2Step 2: Calculate $ Q_1 $ and $ Q_2 $

**Calculation of $ Q_1 $:**\[Q_1 = \int_0^{R/2} \frac{3ar}{2R} \cdot 4\pi r^2 \, dr = \frac{6\pi a}{2R} \int_0^{R/2} r^3 \, dr\]This evaluates to:\[Q_1 = \frac{3\pi a}{R} \left(\frac{r^4}{4}\right)\bigg|_0^{R/2} = \frac{3\pi a}{R} \cdot \frac{R^4}{256} = \frac{3\pi a R^3}{128}\]**Calculation of $ Q_2 $:**\[Q_2 = \alpha \cdot 4\pi \int_{R/2}^{R} r^2 \left[1 - \left(\frac{r}{R}\right)^2\right] \, dr\]Use the substitution $ x = r/R $, thus $ dx = dr/R $.\[Q_2 = \alpha \cdot 4\pi R^3 \int_{1/2}^{1} x^2 \left(1 - x^2\right) \, dx = \alpha \cdot 4\pi R^3 \left[\frac{x^3}{3} - \frac{x^5}{5}\right]_{1/2}^1\]Evaluating this gives:\[Q_2 = \alpha \cdot 4\pi R^3 \left(\frac{1}{3} - \frac{1}{5} - \left(\frac{1}{24} - \frac{1}{80}\right)\right)\]

3Step 3: Solve for $ \alpha $ in terms of $ Q $ and $ R $

From Step 2, the expressions for $ Q_1 $ and $ Q_2 $ allow us to express the total charge as:\[Q = \frac{3\pi a R^3}{128} + \alpha \cdot 4\pi R^3 \left(\frac{2}{15} - \frac{1}{160}\right)\]To solve for $ \alpha $:- Set the equation equal to $ Q $ and solve for $ \alpha $.- $\alpha = \frac{Q - \frac{3\pi a R^3}{128}}{4\pi R^3 \left(\frac{31}{240}\right)}$ Simplify to get an expression of $ \alpha $.

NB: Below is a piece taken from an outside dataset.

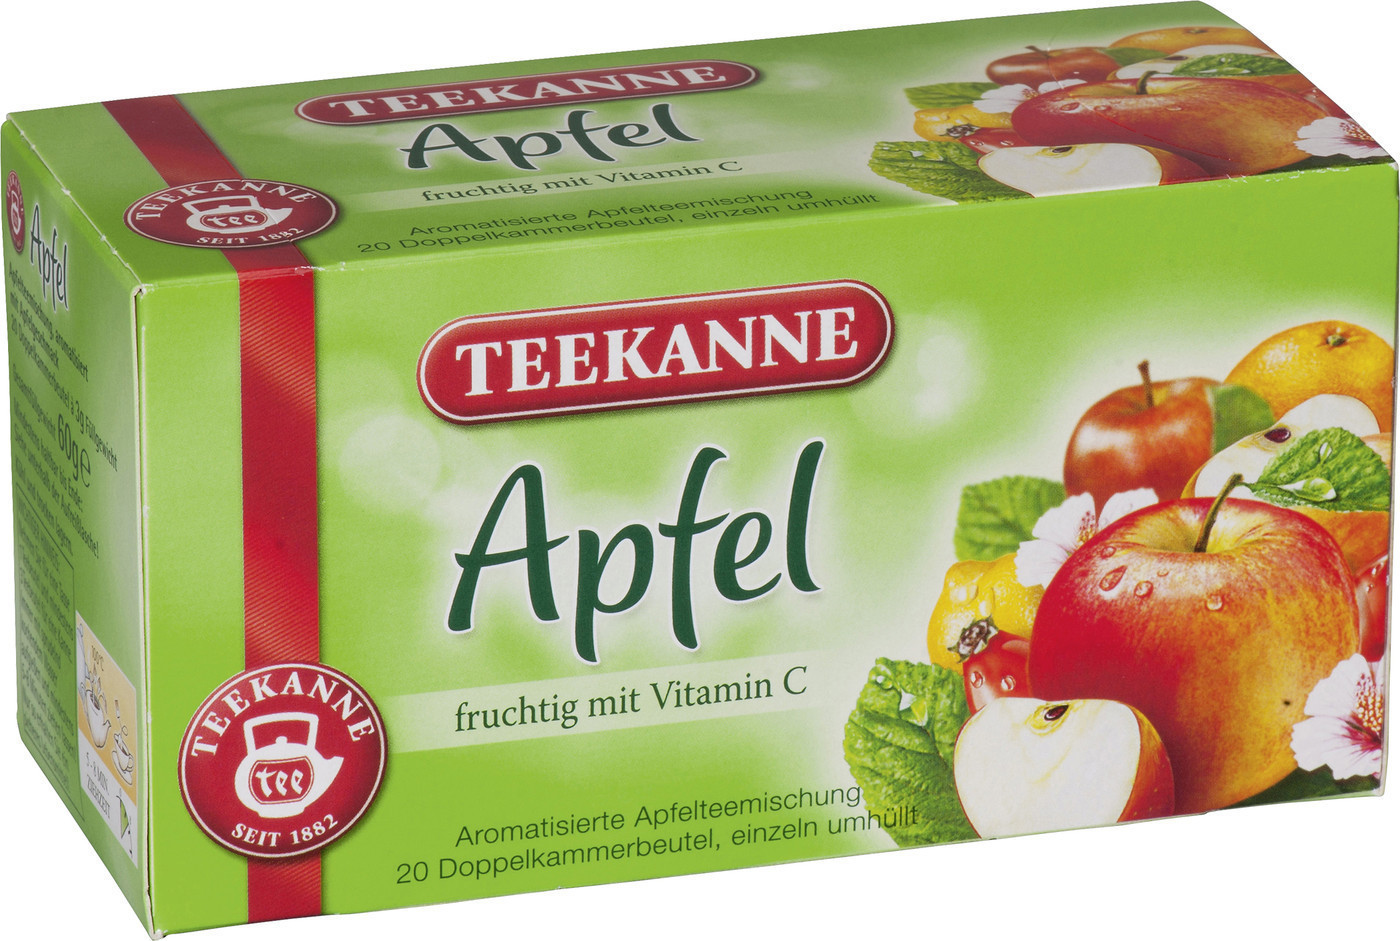 Teekanne Apfel (20 Stk.)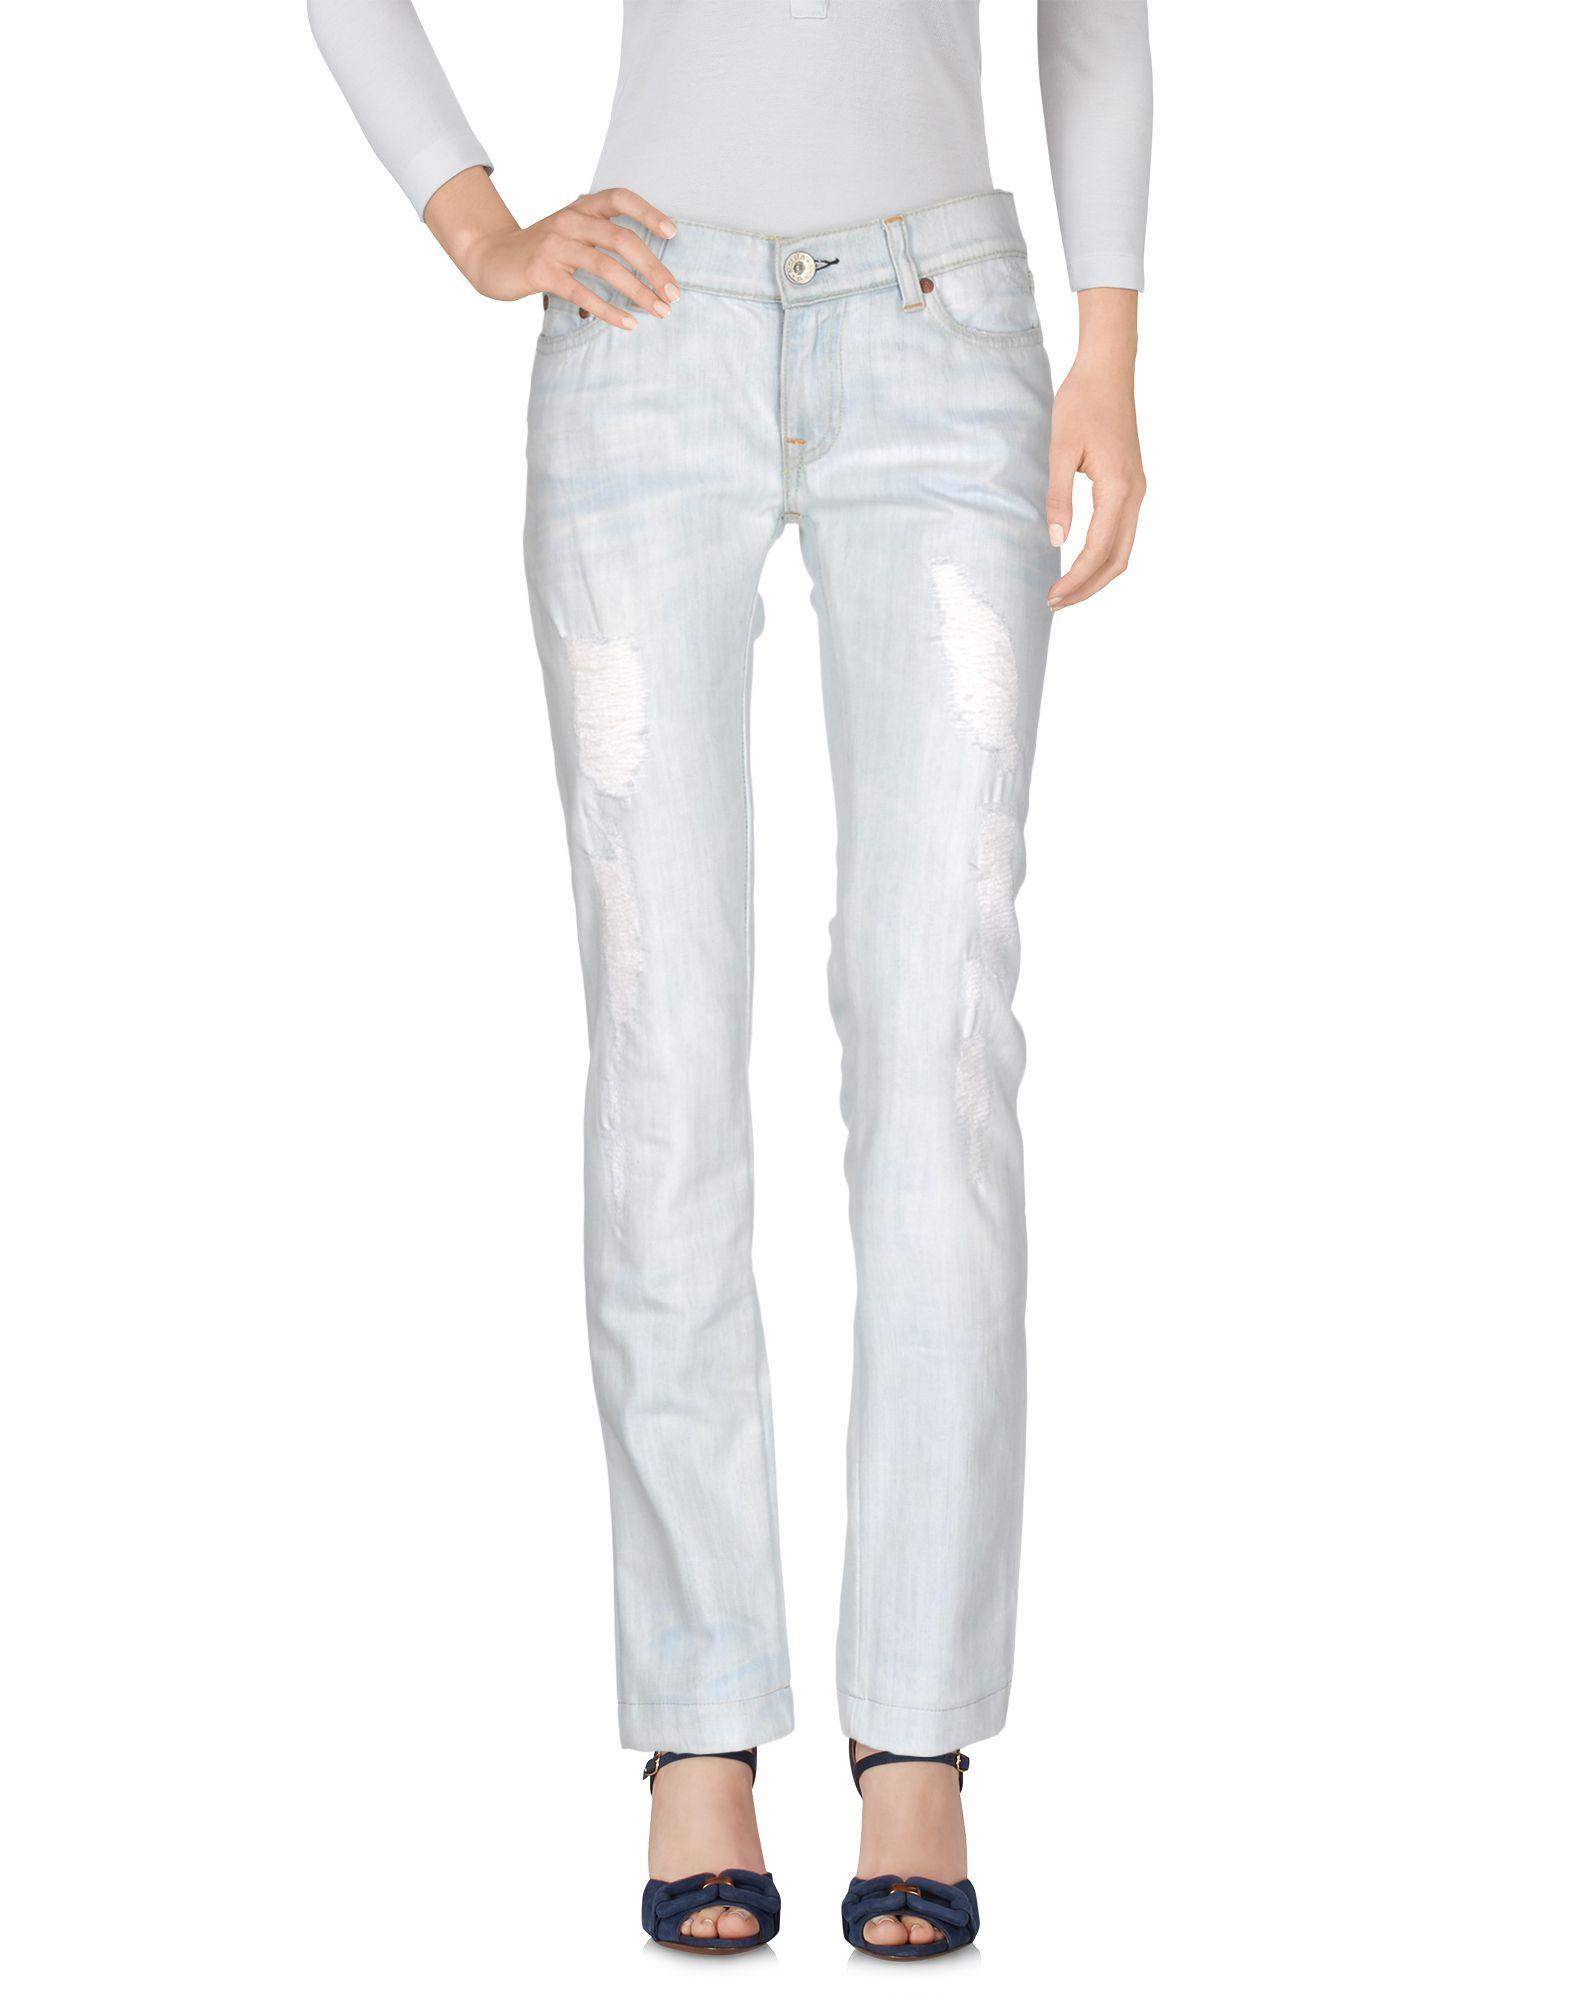 NOLITA DE NIMES Damen Jeanshose Farbe Blau Größe 4 - broschei

4Step 4: Use Gauss's law to derive electric field (Region 1)

In the innermost region $ r \leq R/2 $, use Gauss's law:\[\oint \vec{E} \cdot d\vec{A} = \frac{Q_{enc}}{\varepsilon_0}\]Since $ E $ is uniform on a Gaussian sphere of radius $ r \leq R/2 $,\[E \, 4\pi r^2 = \frac{1}{\varepsilon_0} \int_0^r \frac{3ar}{2R} \, 4\pi r^2 \, dr\]Calculating the integral,\[E(r) = \frac{1}{\varepsilon_0} \cdot \frac{3ar^4}{8R}\]

5Step 5: Use Gauss's law to derive electric field (Region 2)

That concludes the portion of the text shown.